Phase G2 (2026-04-29): MAX_RECURSION 10,000→100,000 + sa_pos_to_forward overflow fix. ERR12389696.7118031 was the sole source of both NH diffs and MAPQ inflations (NH=3 vs STAR's NH=9, rustar-aligner MAPQ=1 vs STAR MAPQ=0). Root cause: the 47-WA rDNA cluster (4 copies × multiple seeds per mate) exhausted 10k recursions before exploring the 4th within-copy pair. Fix: raise the per-cluster recursion budget from 10k to 100k. Also fixed: sa_pos_to_forward underflow panic for reverse-strand seeds near genome boundary (now saturating_sub). Also added guard in finalize_transcript to reject WTs where adjusted_genome_start + ref_len > n_genome.

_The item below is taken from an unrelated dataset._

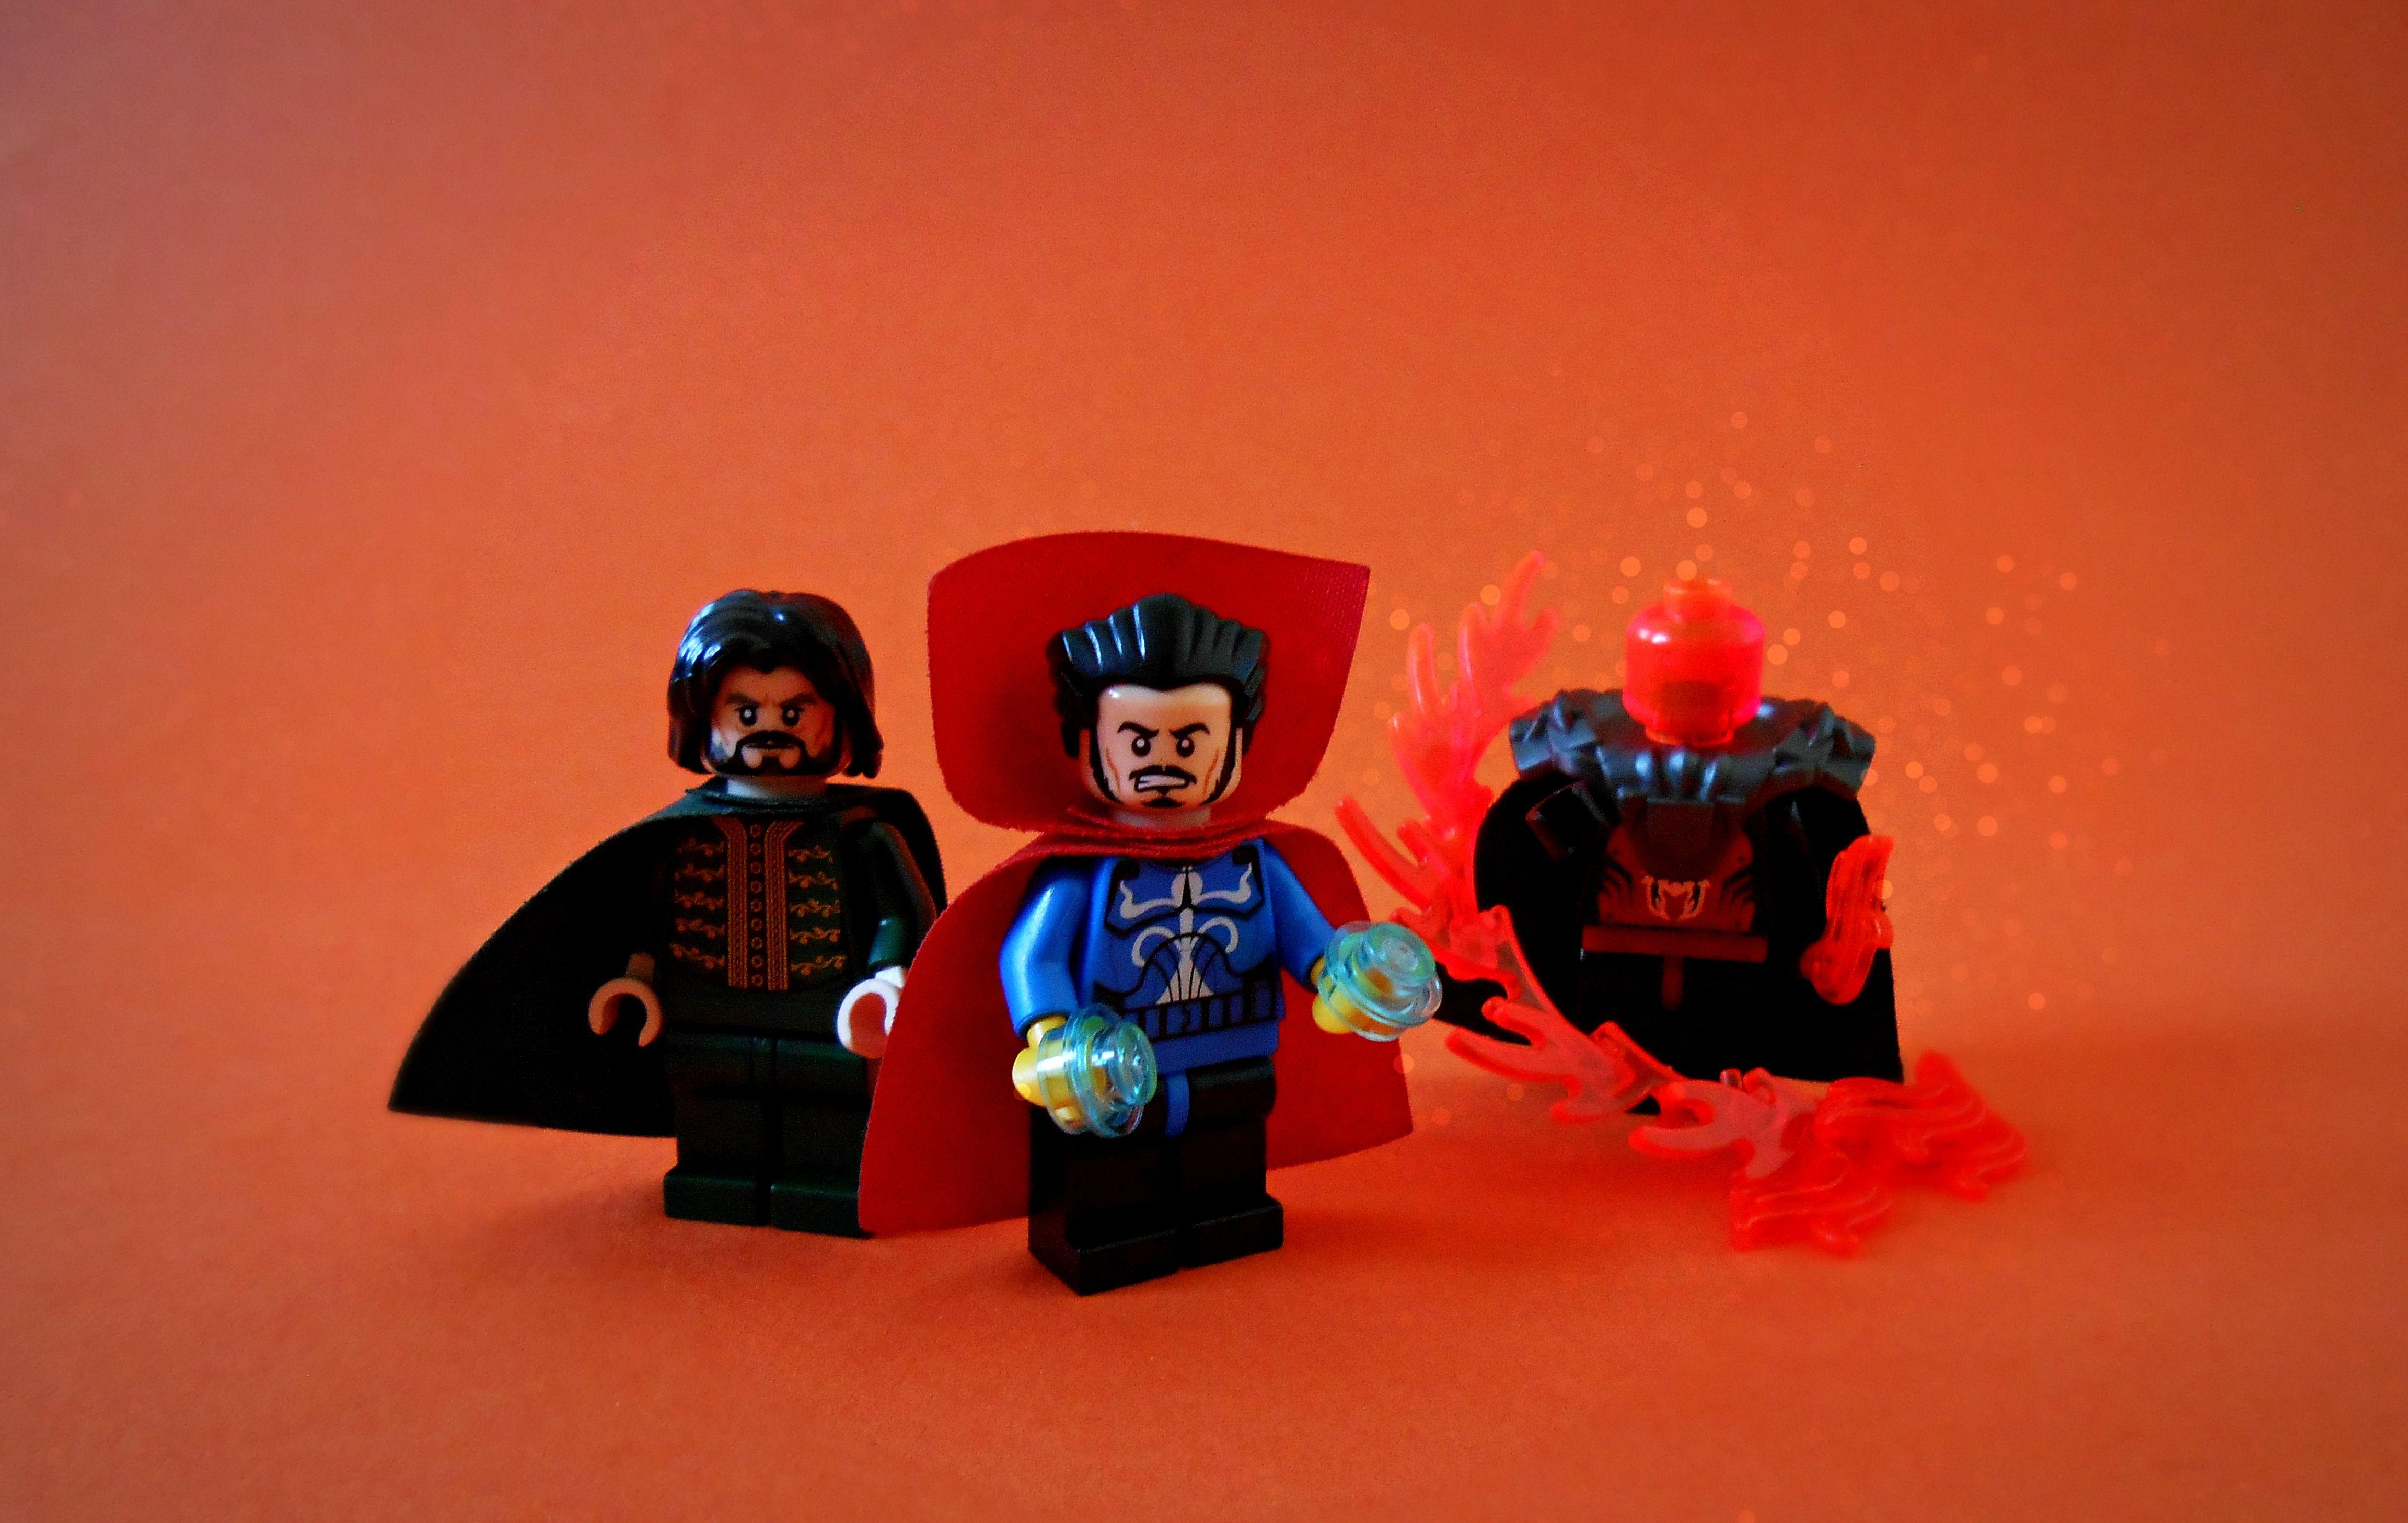 Wallpaper, space, red, LEGO, fire, magic, Devil, Toy, universe

Phase G1 (2026-04-29): split_combined_wt junction_idx fix. Reduced .16980960's pairs from 11 to 9, matching STAR's NH=9.

Note on faithfulness change: Phase F1 (--runRNGseed PR) changed PE tie-breaking from SA-order to seeded StdRng, increasing tie-breaking diffs. Phase G1 improved faithfulness from 99.755% → 99.865%. Phase G2: 99.865% → 99.883%.

Remaining Limitations (Top 2)

  • No STARsolo single-cell features — Phase 14 (deferred)
  • 4 PE AS diffs (rustar-aligner improvements, not bugs): .844151 finds VIII:451791 0mm vs STAR's VII:1001391 6mm; .4972950 finds correct spliced mate2 vs STAR's unspliced. Both cases: STAR's combined-window approach fails to stitch a PE pair at the better location.

See docs-old/phase17_features.md for full feature status.